Whatever we know can be structured in terms of structure, order, and relationships. Relationships between nervous system structurings and non-nervous system structurings. These relationships involve structural patterns of light waves, sound waves, molecular bombardment, the patterns and frequencies of neural firings, and so on. When we ignore the order of things, we are moving towards delusions, insanity, or at least a certain degree of uncomfortableness..( If we imagine the traffic light has turned
green and acted on this before it had turned green…. If we shut the car door before moving our fingers out of the way….. Don’t cross the bridge ’till you come to it, is a proverb old and of excellent wit – something I remembered from infant school days).
It is to our advantage to ‘date’ our knowings. Things change. We change. Others change. ‘Think’ of whatever is known, understood, believed etc., as “maps”. And remember that a map is not the territory it is a map of. That a map can also be perceived as a map of the map-maker. That the ideal map would contain a map of itself, and so on.

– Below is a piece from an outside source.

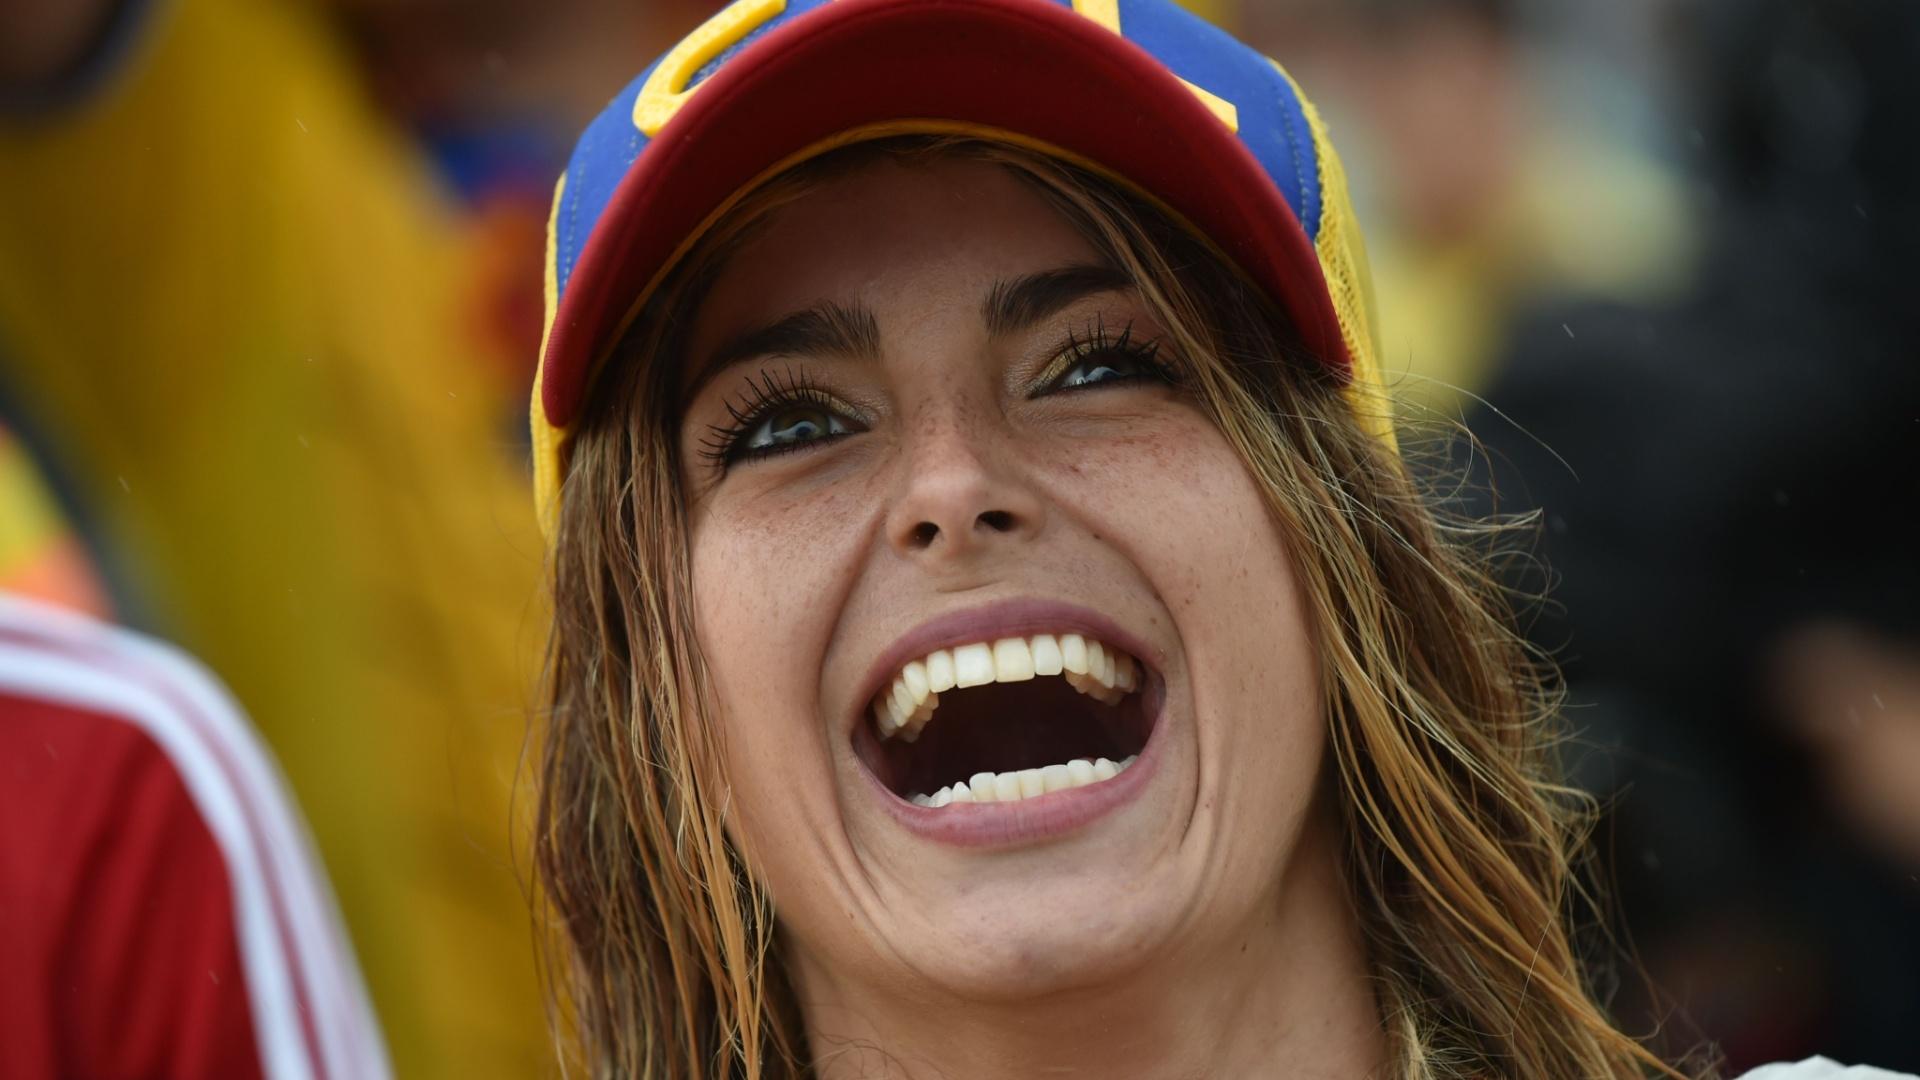 19.jun.2014 - O sorriso da bela torcedora colombiana na Fan Fest de Copacabana evidencia a satisfação com a vitória por 2 a 1 sobre a Costa do Marfim

In formulating our knowings, we should for our sanity’s sake, remember that the words we use to express our knowings are not the knowings, or the processes they are about; that the generalization is not the inference; that the inference is not the description; that the description, or label, is not the object; that the object is not the atomic or sub-atomic happenings, or whatever else may be going on.
If there are limits to our sensings; limits to our knowings; if our words are not the processs they are about; if we change; if things change – we improve our intelligence by indexing our knowings with a certain degree of uncertainty. it suits us to say-believe-act, that what we know, may be only probably so.
From the above one can abstract many parallels between Lonergan’s epistemology, and Korzybski’s epistemology. Although the terminologies are different, students of general-semantics may abstract from the above abstractions, common factors related to, time-binding, respect for the individual, directives for self-developing, the importance of self-reflexiveness, critical evaluating, respect for scientific method, and method in general, a sensitivity to order, a probabilistic attitude, a vision of the possibilities for progress, the individual as transcendent, and much more.
If the quality of our living, if what we do, and how we do what we do, depends on what we know or ‘think’ we know, then epistemolgy is not just for professional philosophers or metaphysicians. It is also for the ‘philosopher’ and ‘metaphysician’ in ‘all’ of us. We can don those epistemological caps by seeking to “appropriate our rational self-consciousness” by becoming more “conscious of our abstractings”. And we can start with the simple heuristic question, “How do I know?”